__Recorded information__:

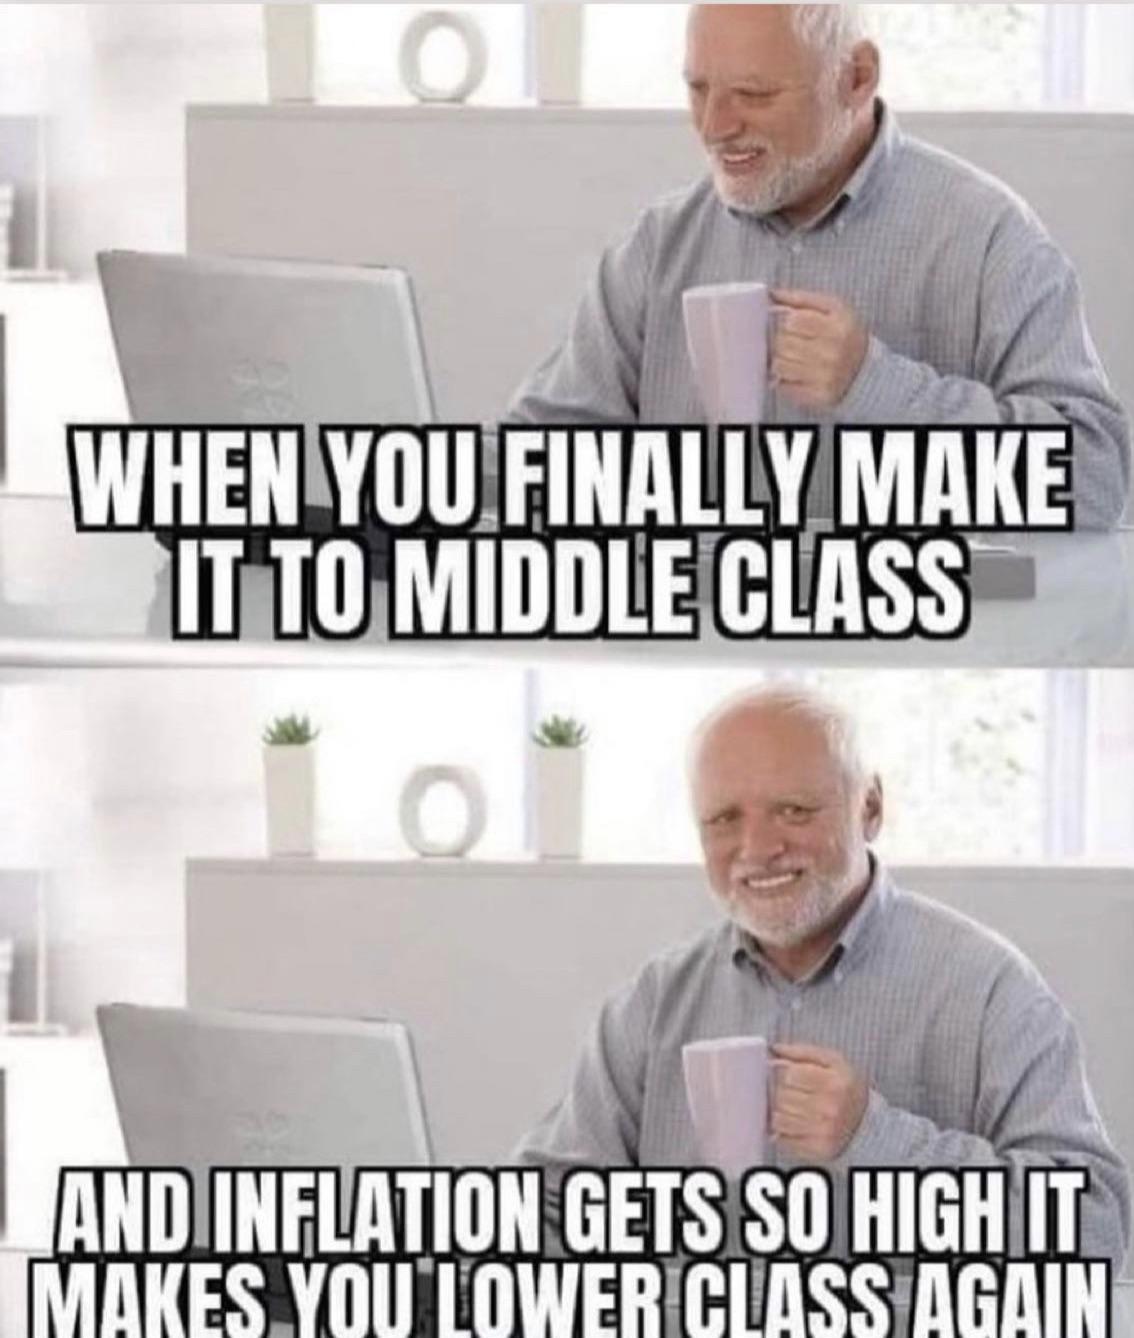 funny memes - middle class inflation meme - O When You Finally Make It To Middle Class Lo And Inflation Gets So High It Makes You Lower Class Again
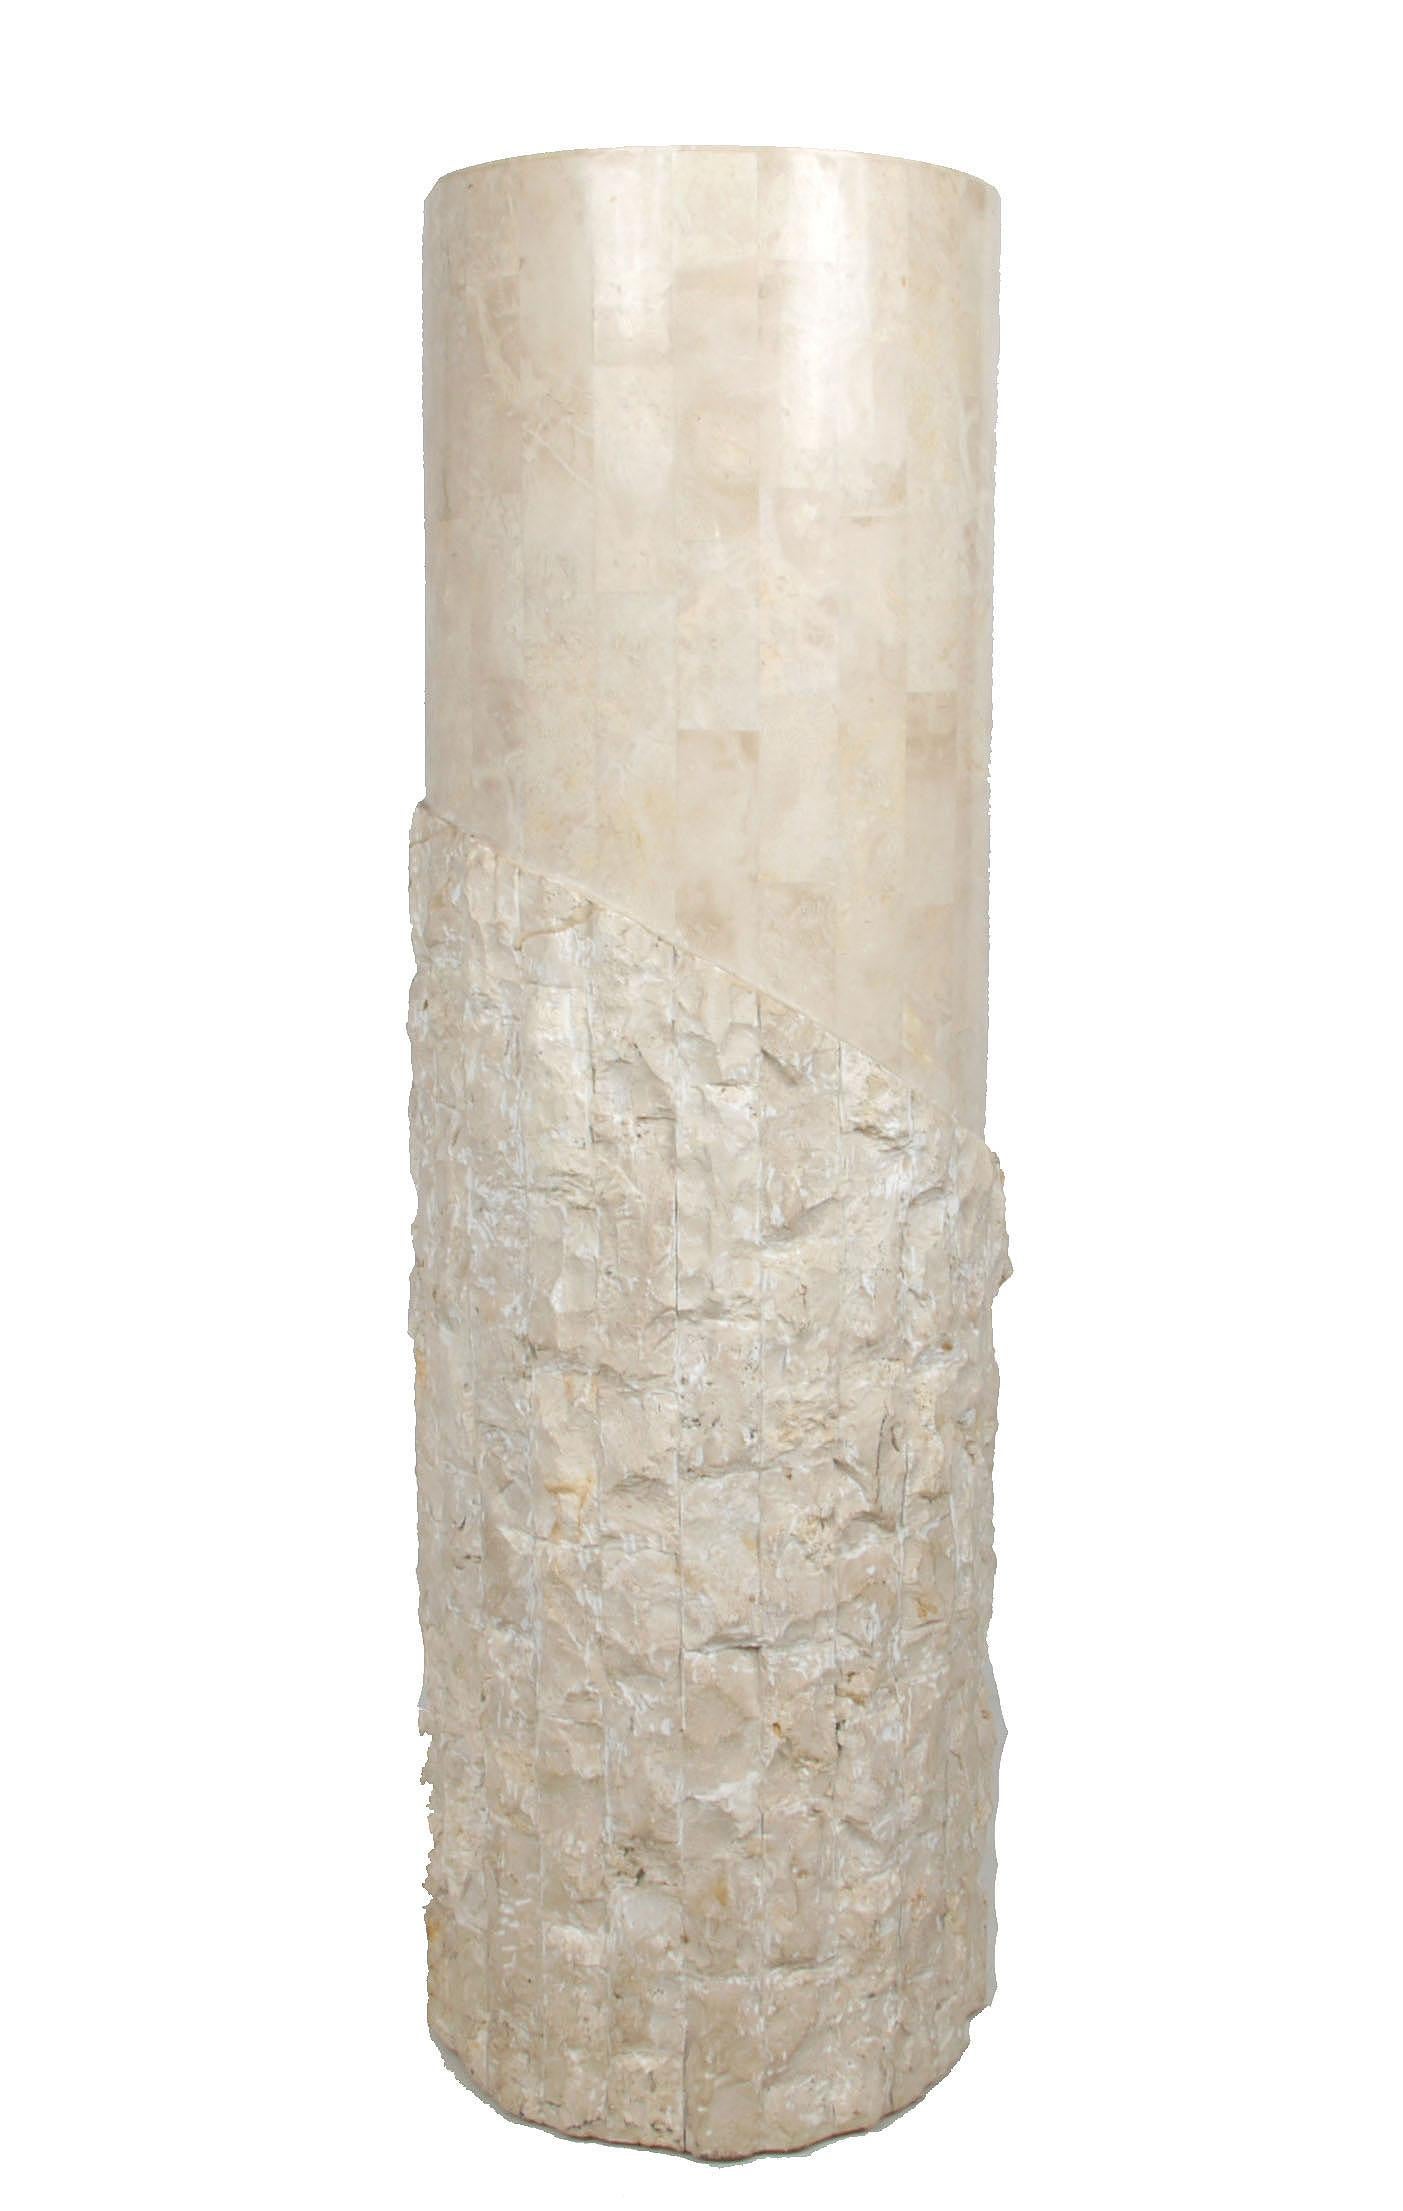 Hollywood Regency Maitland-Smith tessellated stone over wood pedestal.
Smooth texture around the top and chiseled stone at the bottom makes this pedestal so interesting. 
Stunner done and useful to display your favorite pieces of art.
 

__What this task involves__: Copy out exactly the lines from the one containing "Smooth texture around" through the last line above, keeping both end lines.

__Exercise output__:
Smooth texture around the top and chiseled stone at the bottom makes this pedestal so interesting. 
Stunner done and useful to display your favorite pieces of art.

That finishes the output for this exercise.